* **INFORMATION PROVIDED**:
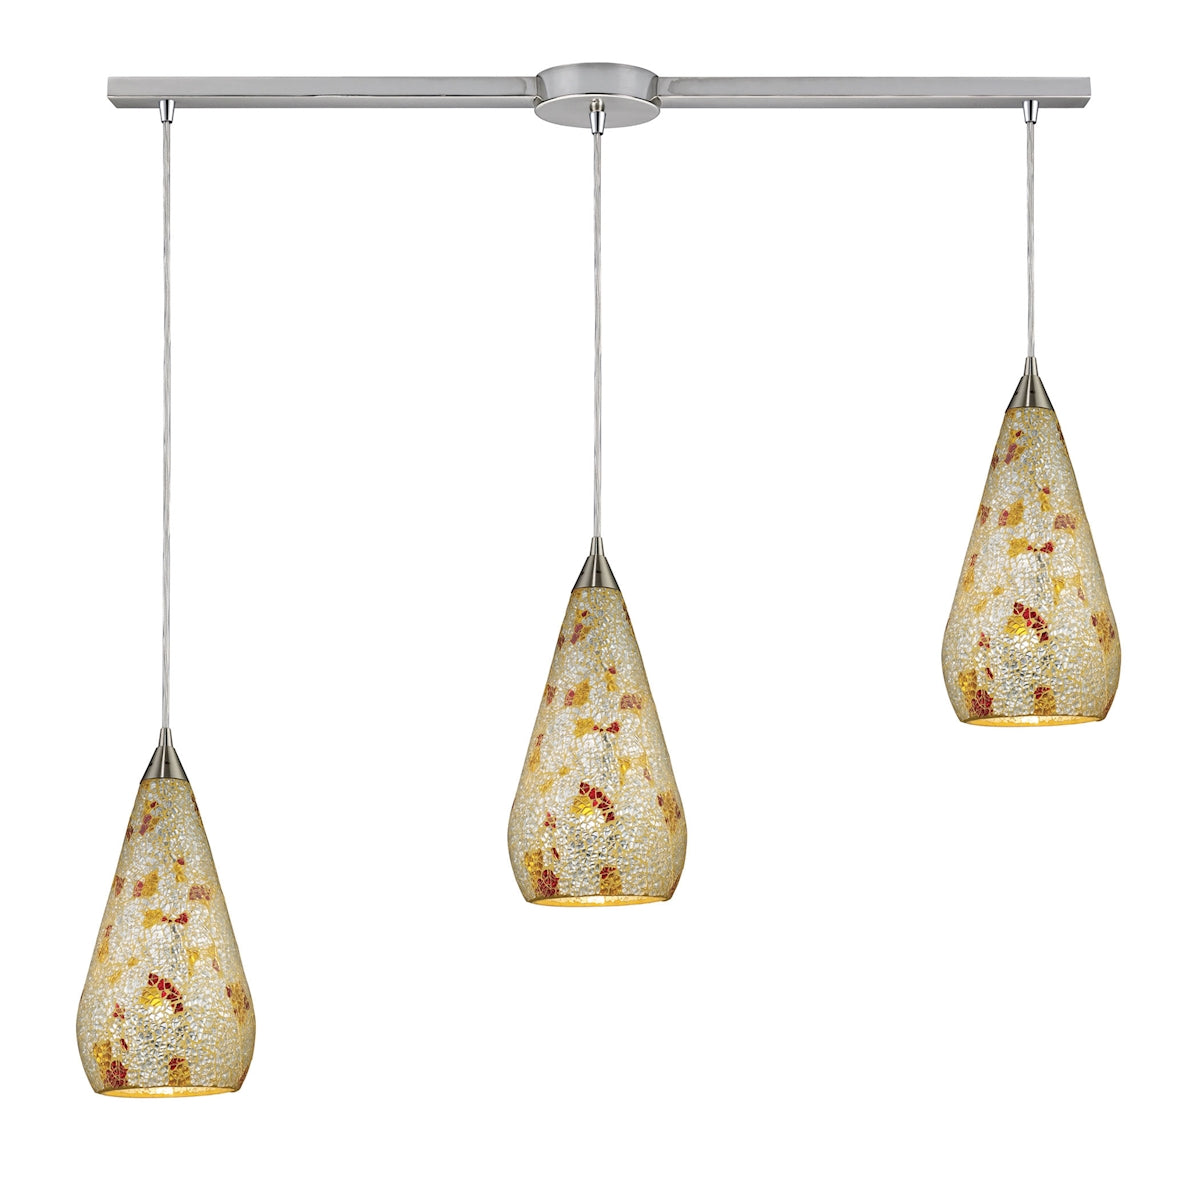 ELK Lighting 546-3L-SLVM-CRC Curvalo 3-Light Linear Pendant Fixture in Satin Nickel with Silver Multi Crackle Glass
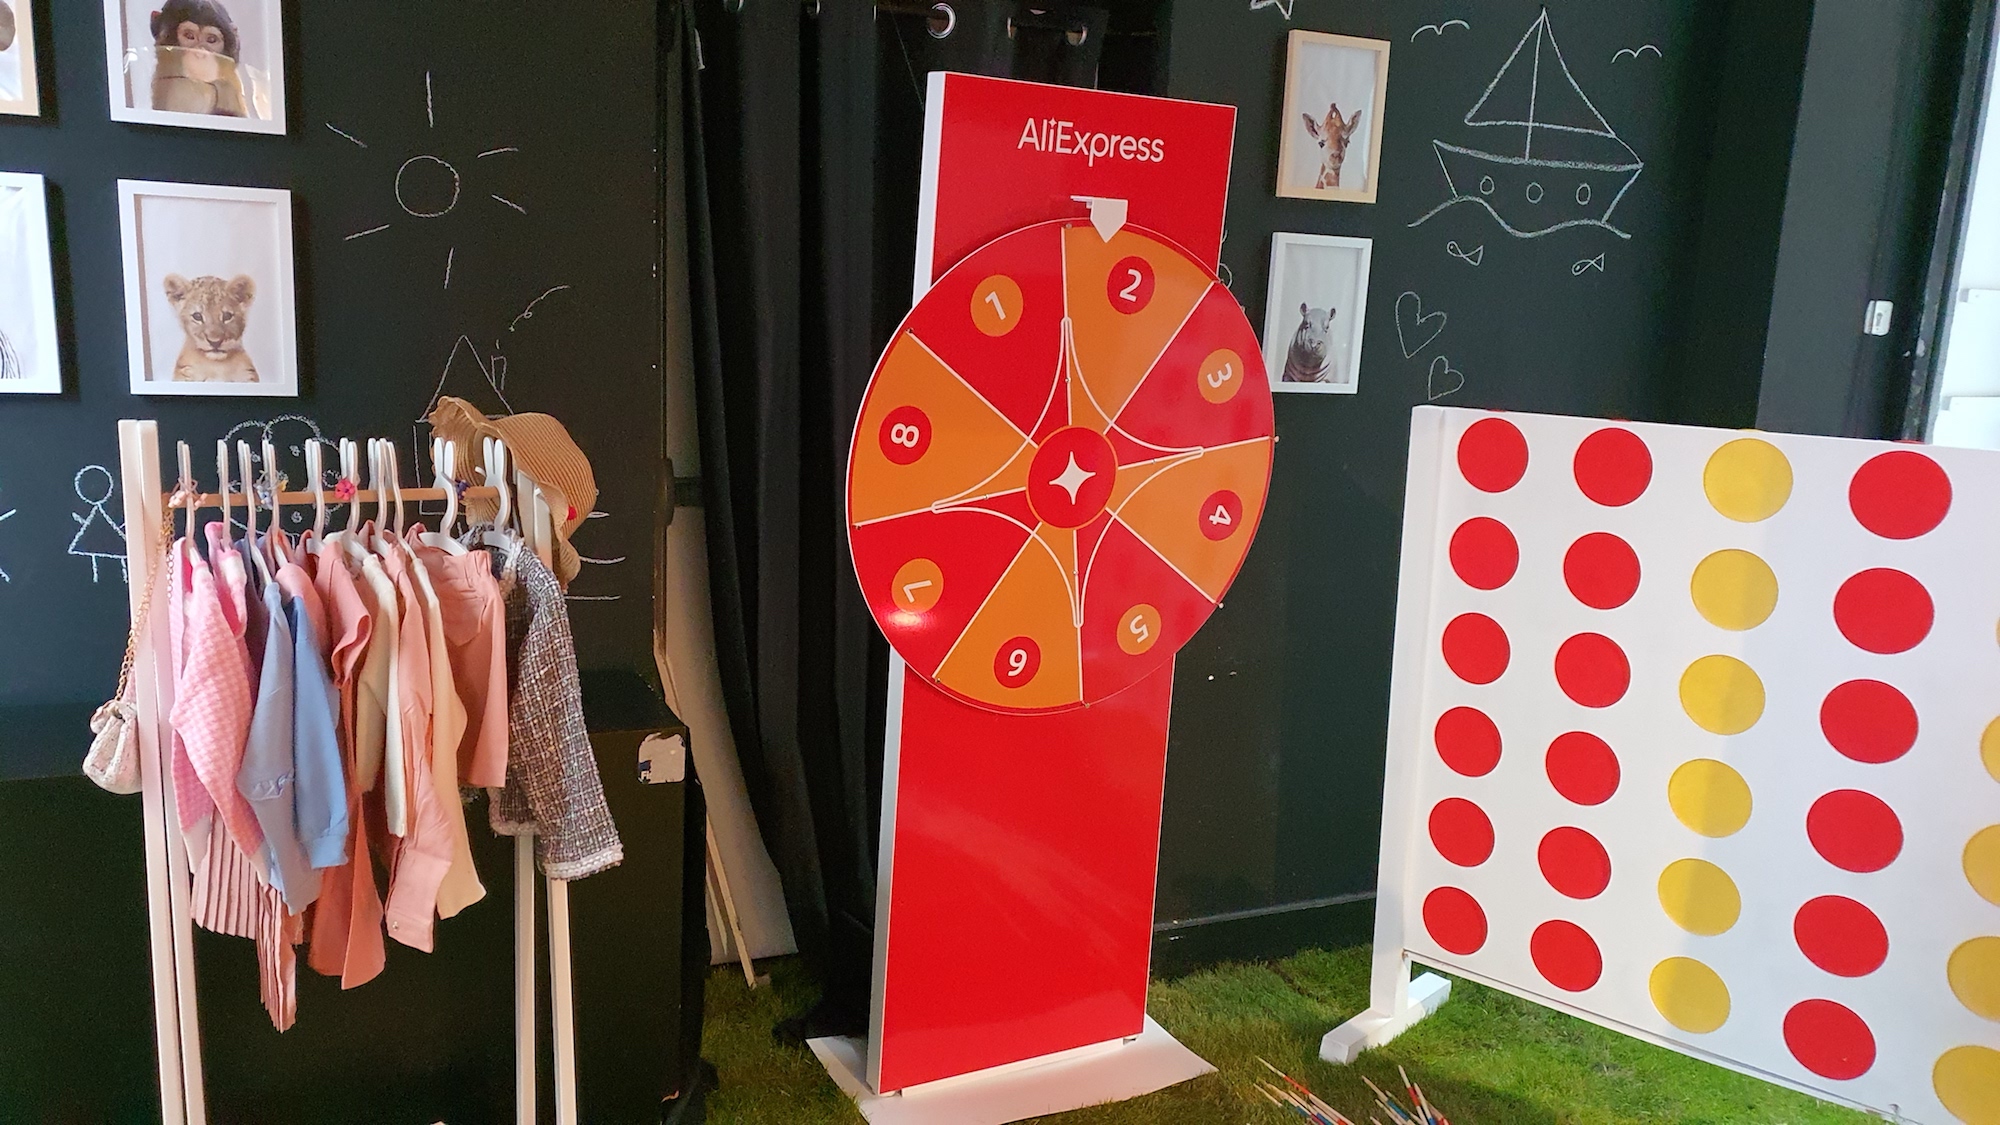 A look at the technology behind the AliExpress Pop-up Store - Altavia  Shoppermind
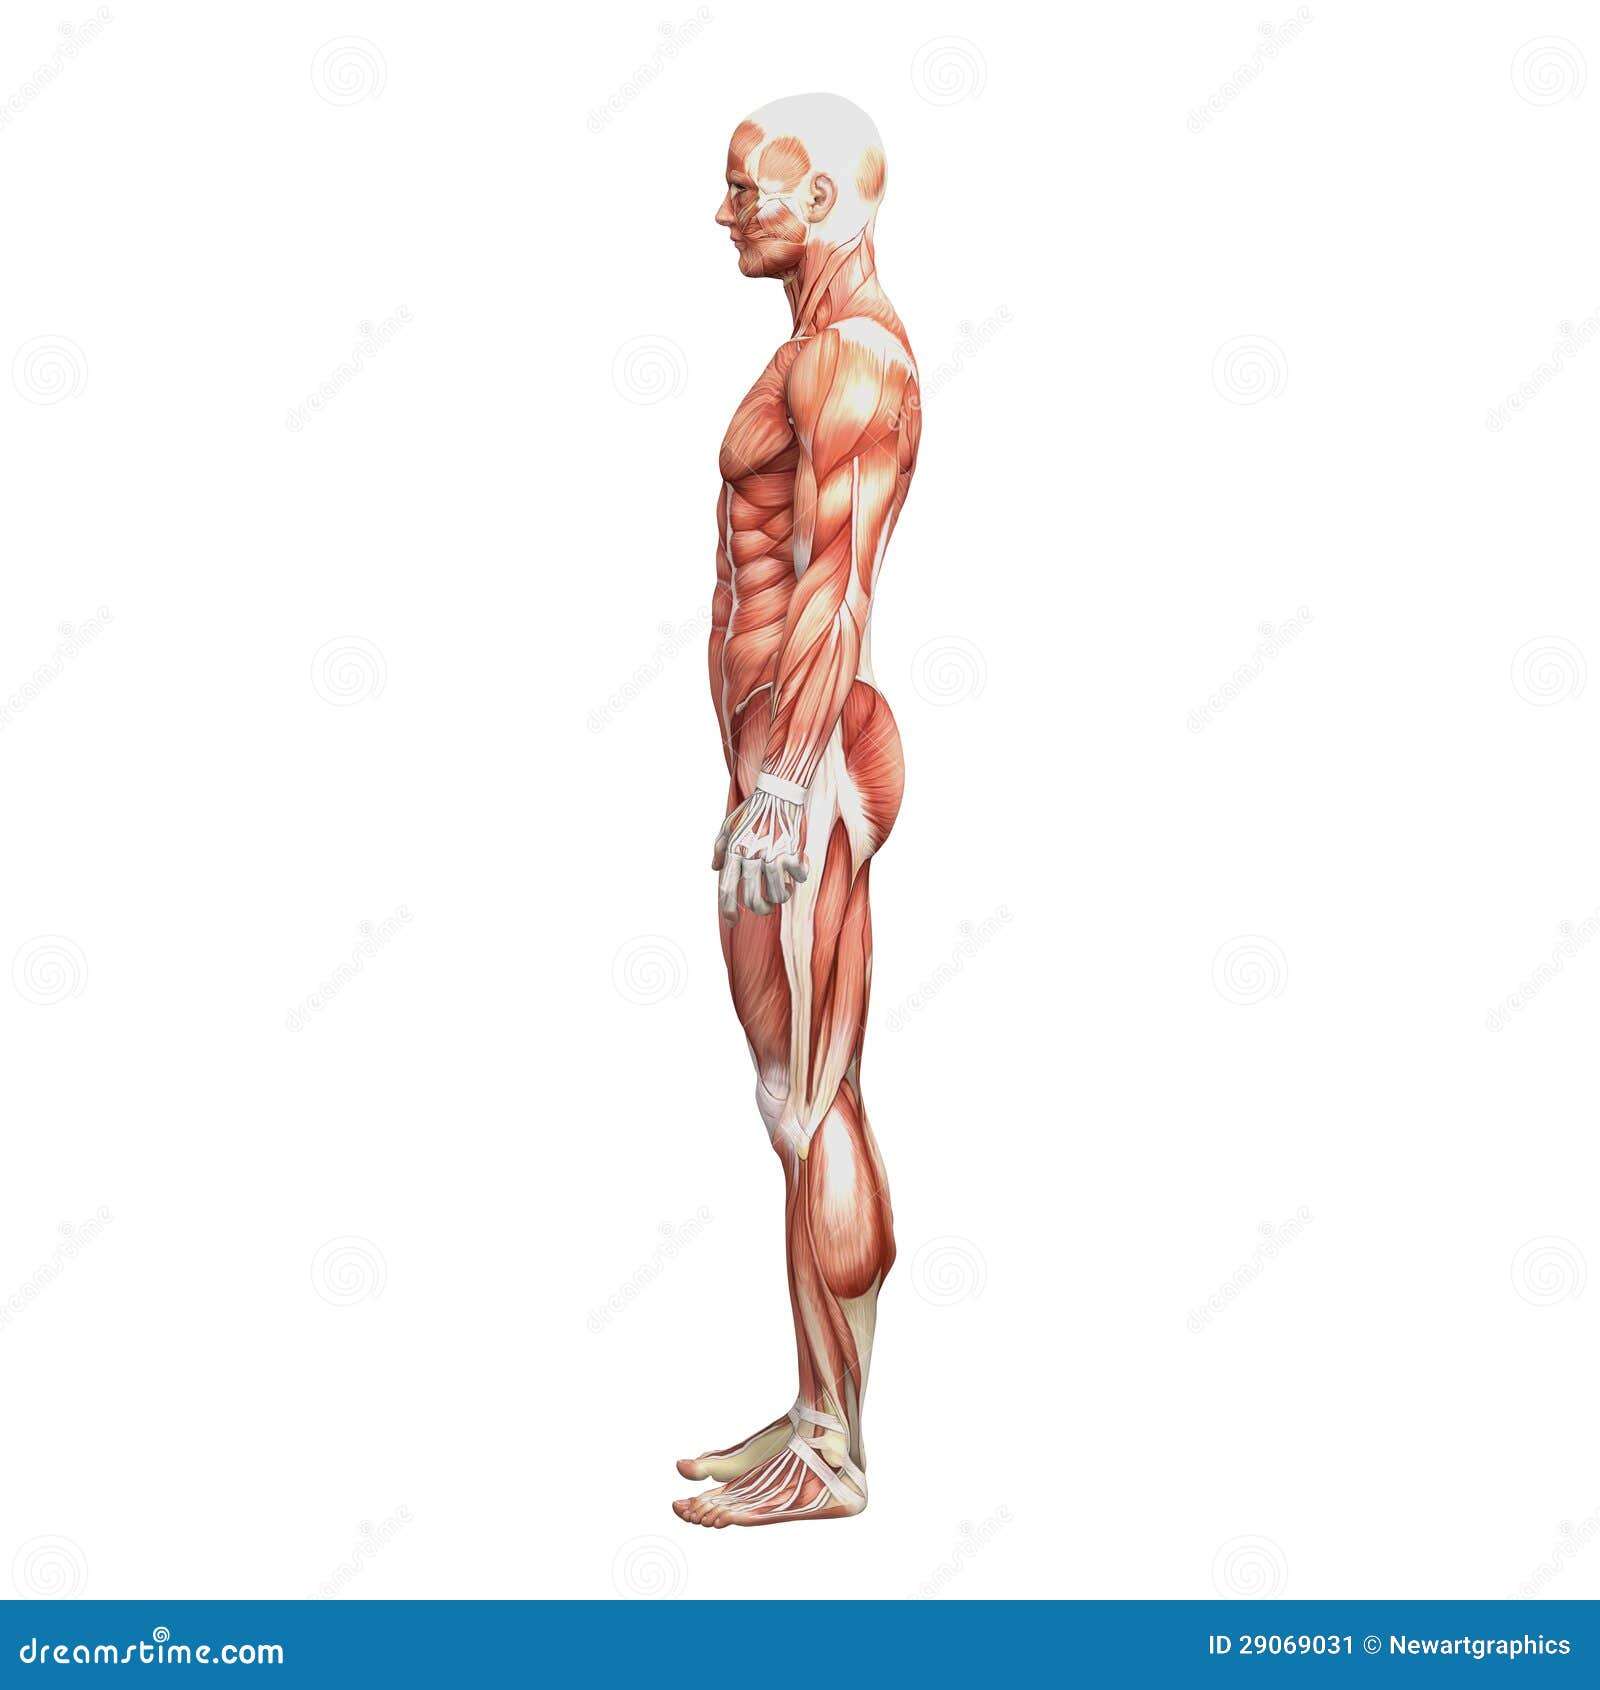 Athletic Male Human Anatomy And Muscles Stock Illustration Illustration Of Legs Muscle 29069031

* **YOUR INSTRUCTIONS**: No pictures go in the copy. Output exactly the lines from the line containing "A look at the" through the end of the listing above.

* **EXERCISE RESULT**:
 A look at the technology behind the AliExpress Pop-up Store - Altavia  Shoppermind
 Athletic Male Human Anatomy And Muscles Stock Illustration Illustration Of Legs Muscle 29069031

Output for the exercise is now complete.